Researchers may have found a way to circumvent diabetes that often follows stem cell and solid organ transplantation. Approximately one-third to one-half of transplantation recipients develop post-transplant diabetes mellitus (PTDM) as a consequence of drug regimens designed to prevent rejection.
In a study published in the Journal of Clinical Investigation Insight, researchers found a glucagon-like peptide-1 (GLP-1) receptor agonist called exendin-4 successfully prevented beta-cell dysfunction caused by two common immunosuppressive drugs: the calcineurin inhibitor tacrolimus and the mTOR inhibitor sirolimus.
“Transplant patients are typically on life-long immunosuppression, and some develop PTDM years after transplant. Our results provide strong rationale for treatment with a GLP-1 agonist,” said senior author Alvin C. Powers, M.D., Joe C. Davis Professor of Biomedical Science at Vanderbilt University Medical Center and director of the Vanderbilt Diabetes Center.
The researchers created a new model system to understand the long-term effects of immunosuppressive drugs on human islets. They transplanted human pancreatic islets into immunodeficient mice, then treated the mice with clinically relevant doses of either tacrolimus or sirolimus and monitored the mice for four weeks.
The human islets in mice treated with either drug secreted less insulin, a feature of PTDM. The transplanted human islets in treated mice also had reduced beta-cell granules, elevated proinsulin and increased amyloid deposits in the grafts — changes likely related to dysfunctional beta cells. Additional RNA analyses revealed “broad dysregulation of peptide processing, ion and calcium flux, and extracellular matrix maintenance,” wrote the authors. The findings point to key mechanisms connecting immunosuppressive medications to PTDM through their effects on the pancreatic islet.

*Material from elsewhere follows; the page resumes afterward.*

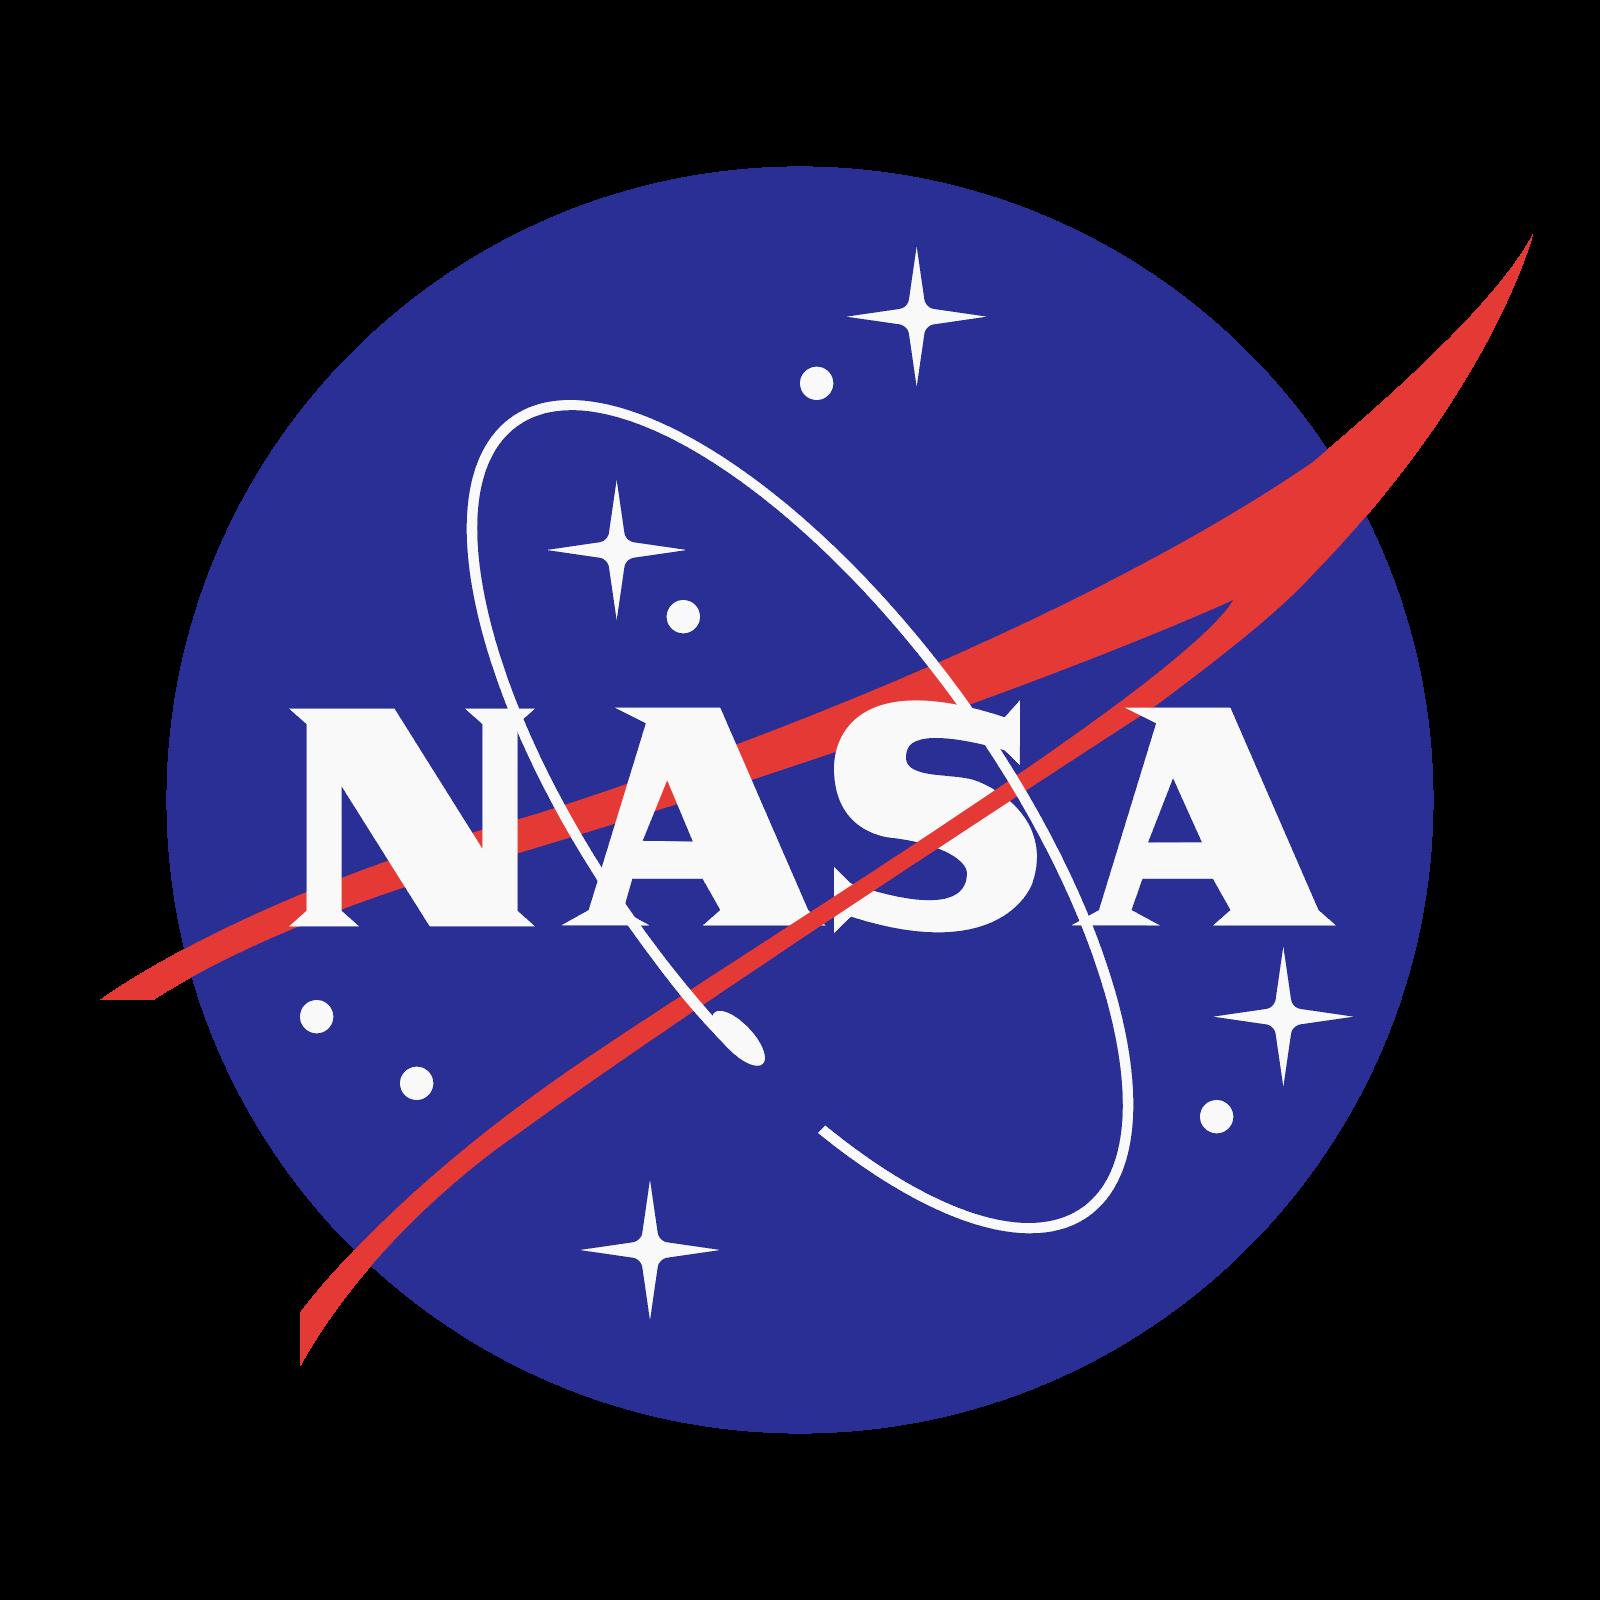 Nasa icon Nasa, Icon, Png

Benefits of GLP-1 receptor agonist
Importantly, the immunosuppressive drugs’ effects on beta cells were reversible: when the researchers withdrew drug treatment, the beta-cell function returned to normal.
“This was a helpful finding — knowing the human islets were not permanently damaged — but withdrawing these drugs from transplant patients is not a viable option,” Powers said. “We needed to find another way to protect human islets from drug-induced dysfunction.” Chunhua Dai, M.D., a research associate professor of Medicine, John Walker, a M.D./Ph.D. student in Vanderbilt’s Medical Scientist Training Program, and senior research specialist Greg Poffenberger, M.S. conducted the studies.
“Withdrawing these drugs from transplant patients is not a viable option.”
The researchers turned to exendin-4, a glucagon-like peptide-1 (GLP-1) receptor agonist, that targets a similar pathway to tacrolimus and has been shown to enhance beta-cell function, proliferation, and survival. GLP-1 is a hormone secreted by the intestines following oral glucose intake.
Mice who received exendin-4 concomitantly during the immunosuppressive drug treatment had improved insulin secretion, plus the human islets developed fewer amyloid deposits. Mice in the tacrolimus treatment group benefited more than those on sirolimus, which could help steer future research into underlying signaling pathways.
Translating the findings
While more research is needed to fully explore GLP-1 receptor agonists’ clinical utility in the context of PTDM, Powers believes the study with human islets could serve as a springboard.
“We hope these findings can be translated into clinical research, as these results suggest ways that diabetes associated with immunosuppressive drugs can be prevented or treated more effectively,” Powers said, adding that the new study is one of several ongoing at Vanderbilt to elucidate connections between stem cell transplant and diabetes.